The sale of Cadbury Plc, founded in 1824, to Northfield, Illinois-based Kraft in January led to a campaign to "Keep Cadbury British" by the Mail on Sunday newspaper and saw the then UK Business Secretary Peter Mandelson describe the company as an iconic brand.
The sale of Tate's sugar business, which includes its Golden Syrup brand first tinned in 1885, is a "different proposition", said Investec Securities analyst Martin Deboo by phone from London.
Unlike Cadbury, Tate had a "facade of an iconic brand concealing a broken economic model", he said. Tate is "essentially a corn refining business in North America".
Shares in Tate rose 14.7 pence, or 3.3 percent, to 464.4 pence at 9:41 am in London, giving the company a market value of 2.1 billion pounds.

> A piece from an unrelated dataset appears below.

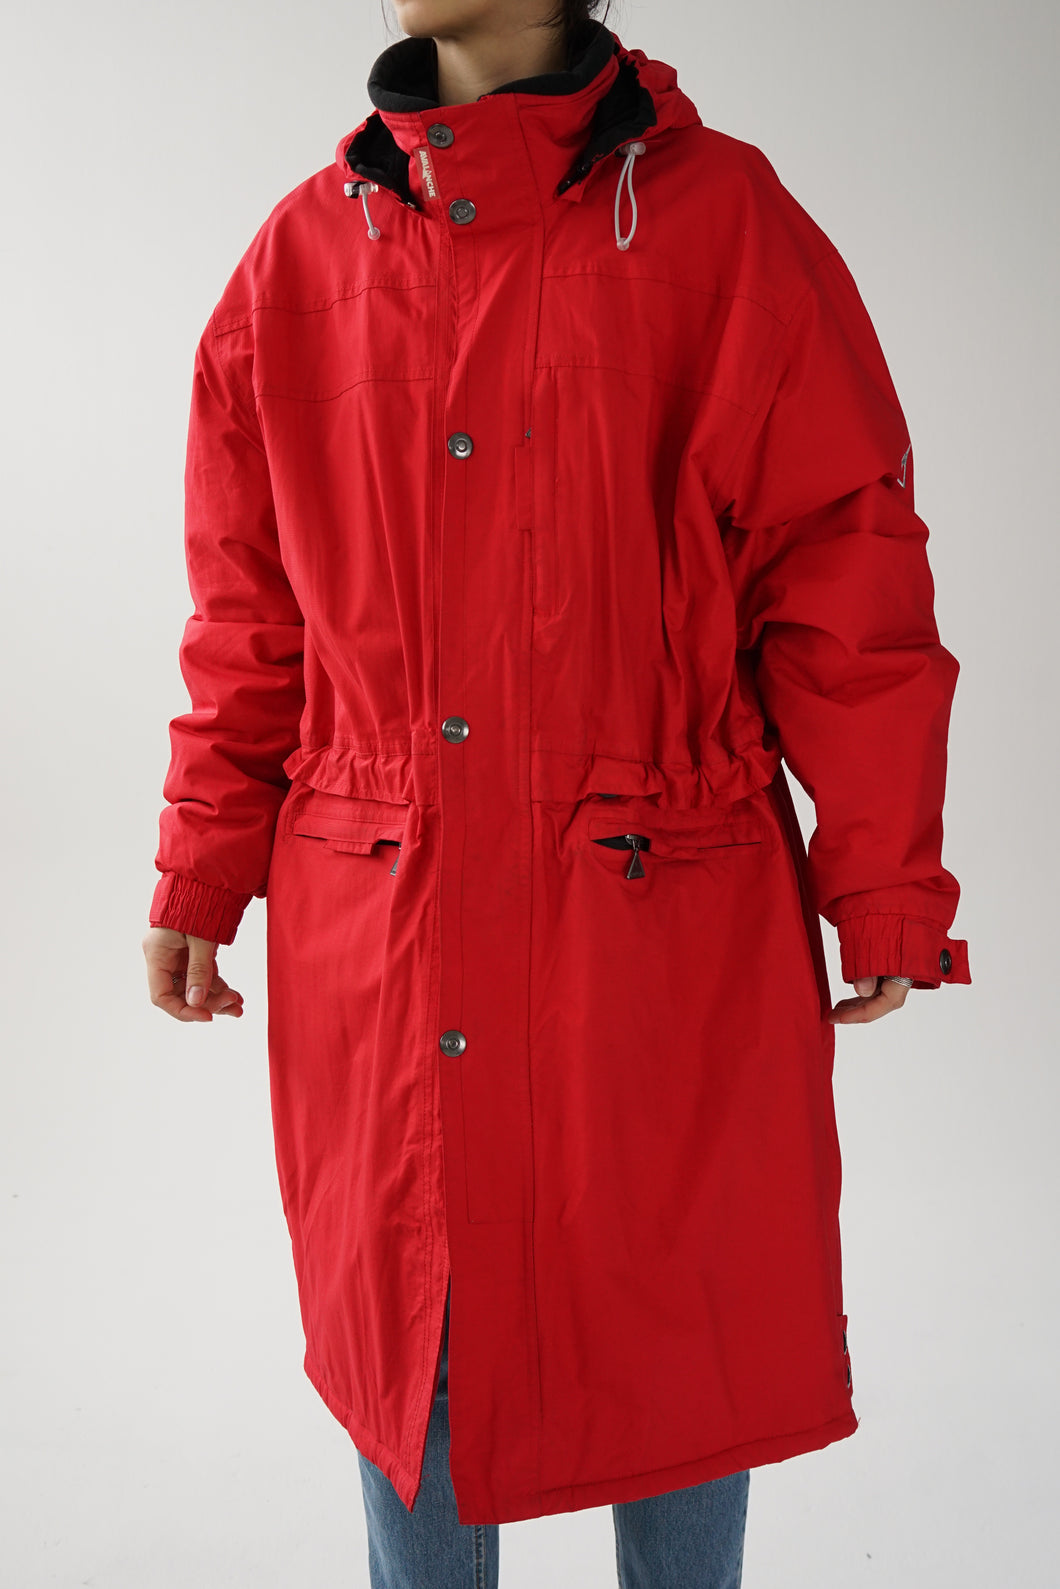 Avalanche long ski jacket in red for women XL
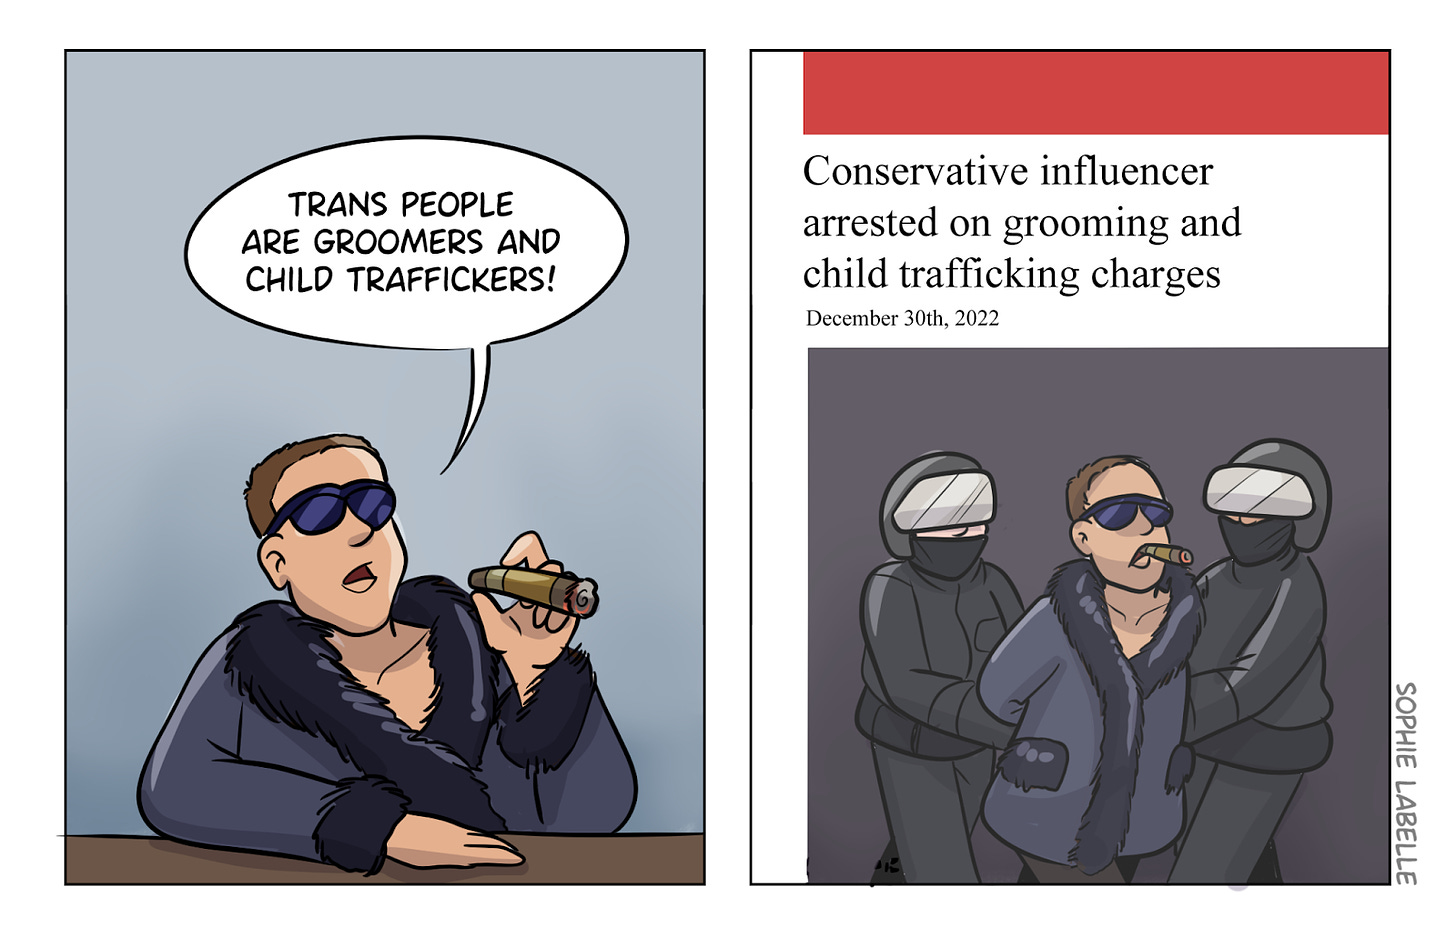 2 panel cartoon; in first panel, man smoking cigar, wearing fur robe w/ sunglasses saying "trans people are groomers and child traffickers!" in second panel, cops leading him away in handcuffs with caption "conservative influencer arrested on grooming and child trafficking charges"

Tate has been selling businesses and closing plants since the European Union cut sugar-production quotas, moving its focus to higher-margin products, including food ingredients and sucralose sweeteners. Tate sold its Canadian sugar unit to American Sugar Refining in 2007 for 132 million pounds and then in 2008 its international sugar business to Bunge Ltd.
Tate, which started refining sugar at its London site in 1878, is selling its refineries in Portugal and the UK and its Golden Syrup factory in London.
"The transaction is expected to be neutral to the group's adjusted earnings per share on total operations in the 2011 financial year," it said.
"It's a very sweet deal," said Investec's Deboo. "We'd have been happy to see them exit it on a dilutive basis," probably by closing the business and selling the land, he said. "Instead they're selling it as a going concern for considerably more than we expected."
Tate now plans to sell its remaining sugar operations, including its Vietnamese unit and its molasses assets, Ahmed said.